OPUS

Specialty Item Flow Measuring Devices

Image provided by Watts Water Technologies

Flow-measuring devices are used in a piping system to determine accurate flow rates. Depending on their use, they might be called a flow meter, flow indicator, flow gauge, flow rate sensor, or liquid meter; and they can be constructed of metal (e.g., stainless steel, brass, aluminum), or plastic (e.g., PVC, nylon, PVDF). These meters use some method of determining the velocity of the fluid. Velocity and the internal cross sectional area of the pipe are used to determine flow.

Differential pressure devices are based on Bernoulli’s Principle, which states that the pressure drop across some constriction is proportional of the square of the flow rate.
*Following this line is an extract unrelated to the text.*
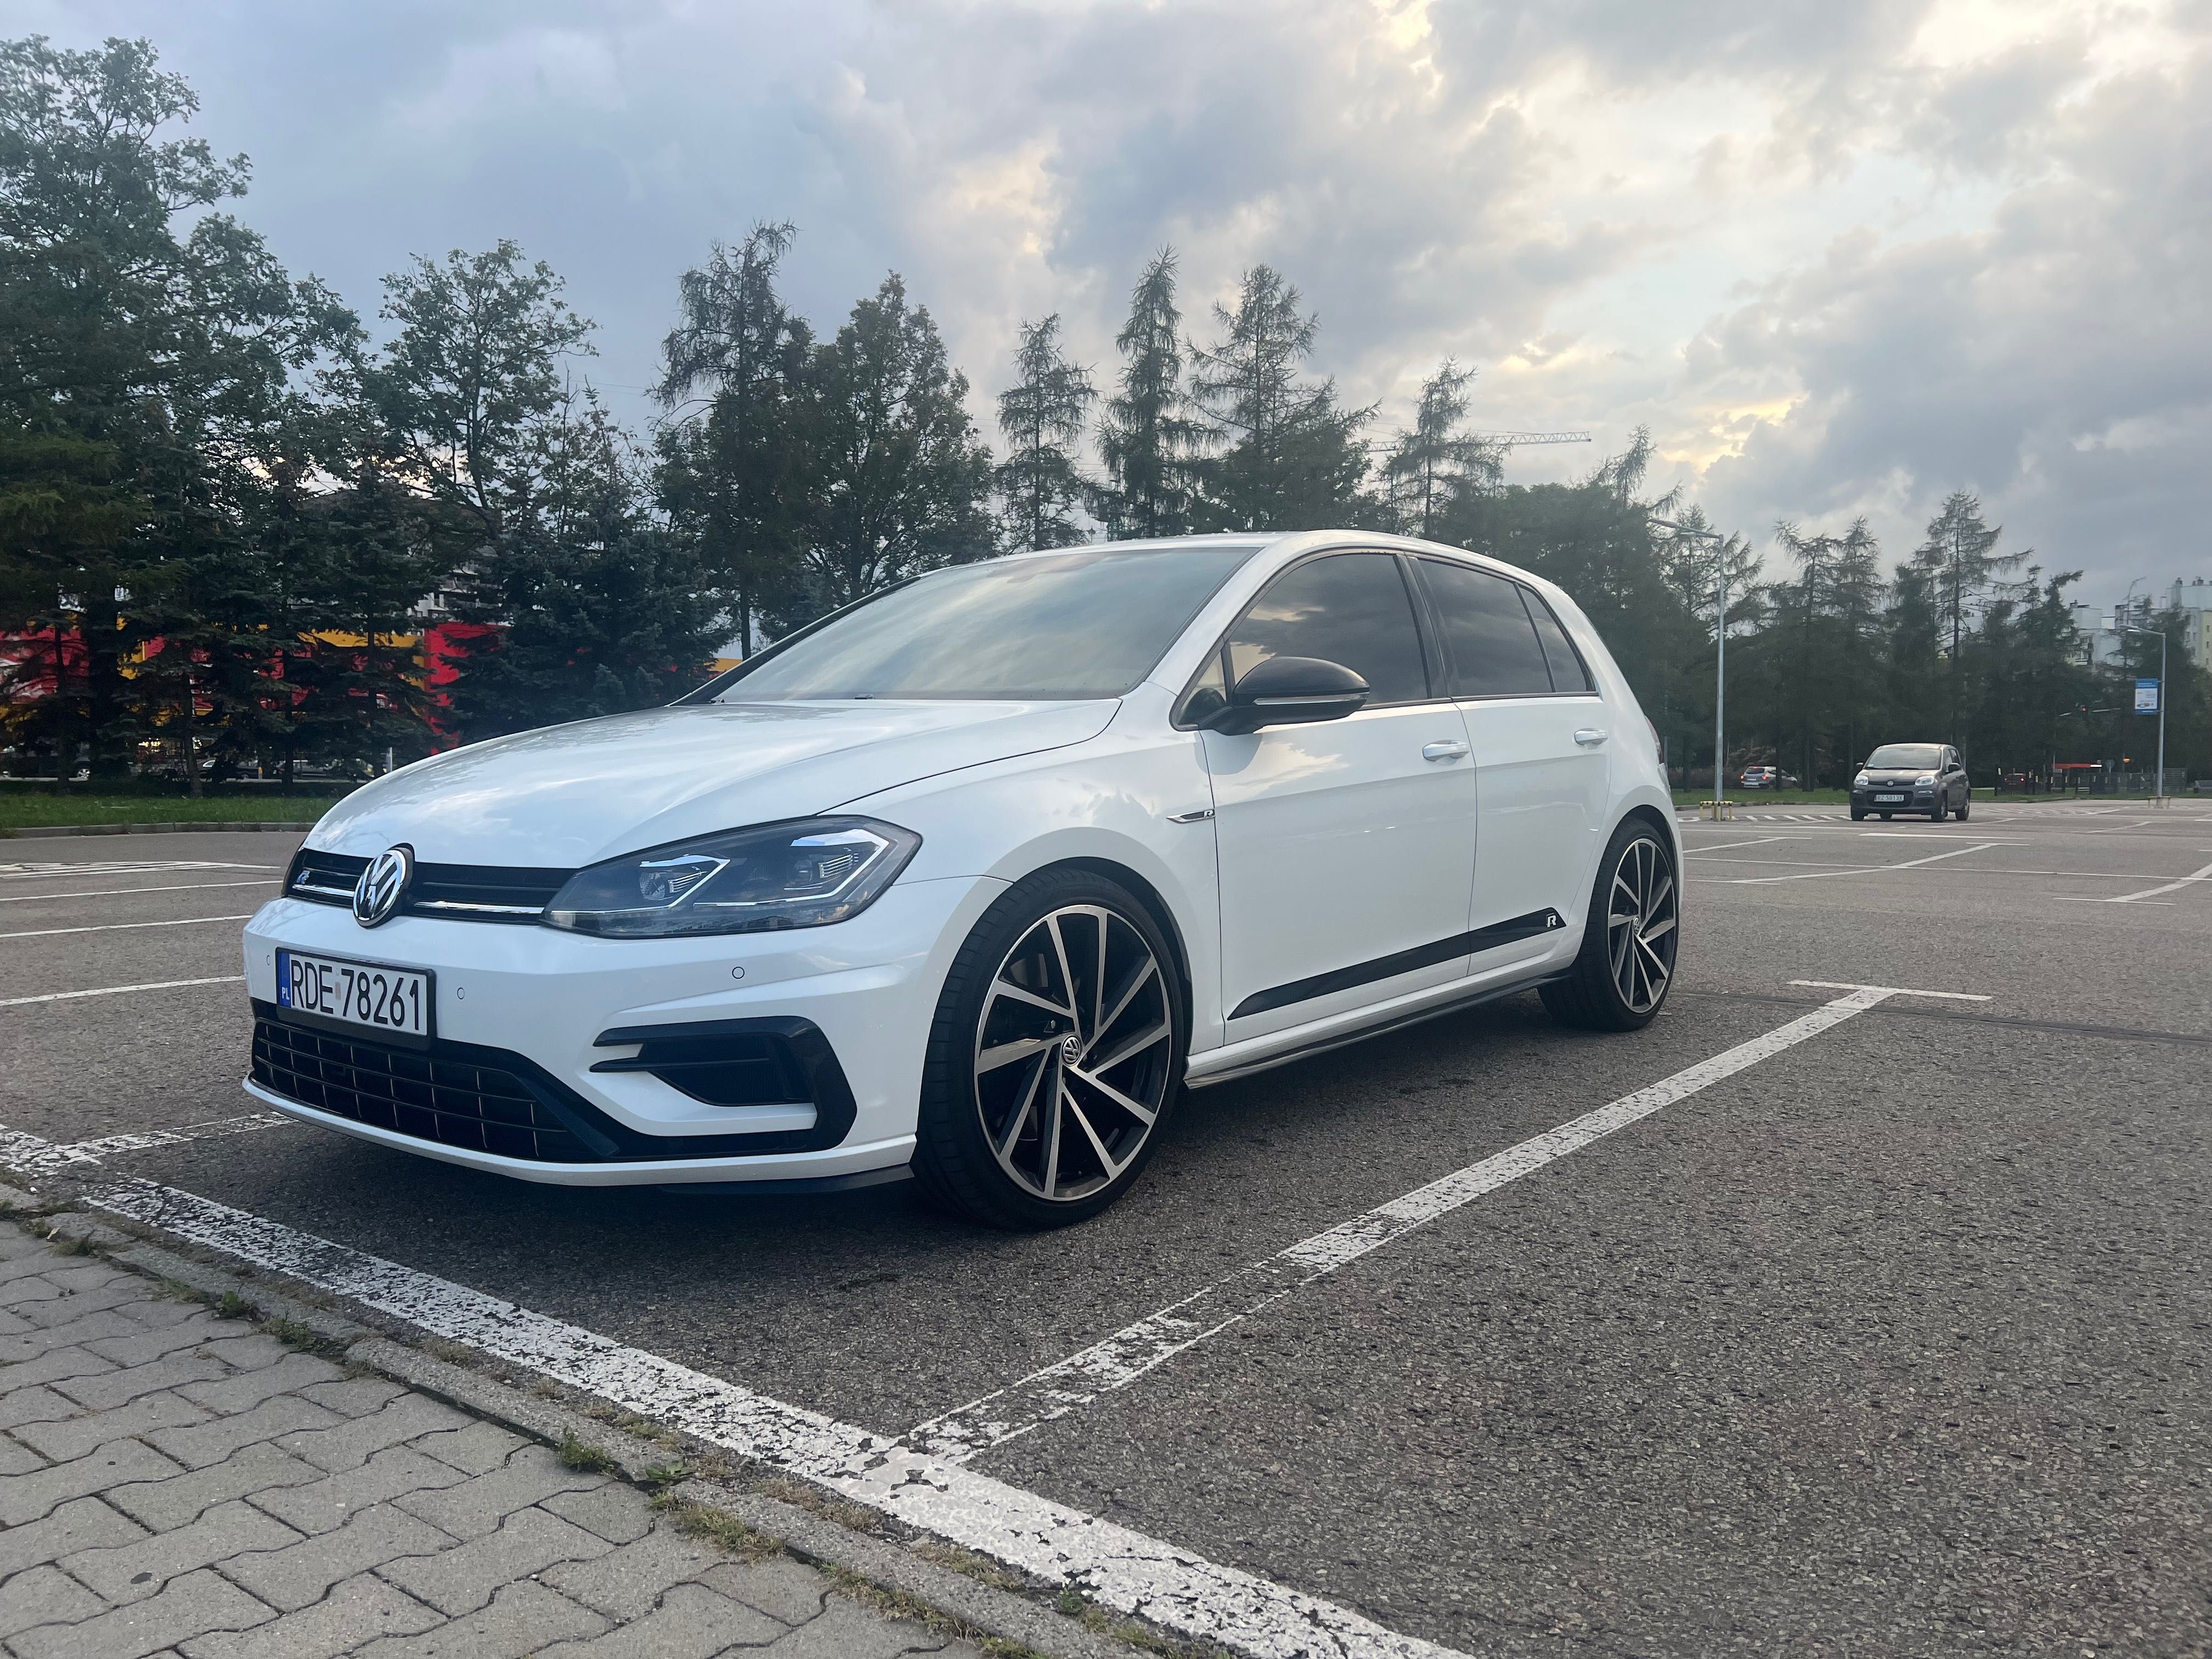 Volkswagen Golf 7.5 R 4 motion 2018

Differential pressure flow meters use laminar plates, a venturi, nozzles, or an orifice to cause a constriction, and measure the pressure drop across that constriction to determine flow. These meters are rugged and work well with clean liquids. They have an inherent disadvantage of restricting flow to create a pressure drop. They can, however also measure temperature and pressure.

Electromagnetic flow meters (megameters) operate on the principle of Faraday’s Law, which states that voltage is induced in a conductive liquid (like water) as it flows at a right angle through a magnetic field. The induced voltage is proportional to the speed of the fluid. Megameters create the necessary magnetic field using an electromagnet and determine flow rate using the induced voltage to determine velocity, along with the internal area of the meter. These meters feature no moving parts and a low pressure drop.

Rotameters (or variable area flow meters) consist of a tapered vertical tube, a float, and a calibrated scale. Water flow upward through the tube and causes the float to rise. The tube area increases with height, so the more water flow, the higher the float. The position of the float is read on the scale to determine flow rate.

Turbine or Paddle Wheel flow meters place a turbine or paddle wheel in the path of the flowing liquid. The liquid causes the turbine or wheel to spin, and the rate of spin is proportional to velocity of the liquid. Strainers should be installed upstream to prevent debris in the fluid from damaging the components.

Ultrasonic flow meters use sound waves to measure the velocity of the fluid. Because sound waves pass through solids, these meters can be mounted external to the pipe with zero pressure drop. Further, because everything is external, there is no fouling or damage to any components. With no moving parts, these are reliable meters.

Vortex flow meters require an obstruction (bluff body) to be installed in the flow stream. This causes downstream vortices which form alternately on either side of the bluff body. The vortices form high and low pressure zones that oscillate and frequencies that are proportional to the fluid’s velocity. These meters have no moving parts and are accurate over a long period of time.

Coriolis mass flow meters are based on the Coriolis effect. That is, the deflection of moving objects from the perspective of a rotating reference frame (think of throwing a ball while on a merry-go-round – the ball will appear to fly in a curved path although it is actually flying straight). The Coriolis effect is why hurricanes form a spiral. These meters cause a Coriolis acceleration and measure the forces generated, which are proportional to the velocity of the fluid. Coriolis meters use this technique to measure flow, but they can also measure density, mass flow, and temperature. Thus, they can be used to measure the total energy being transported through the pipe. These meters have very high accuracy.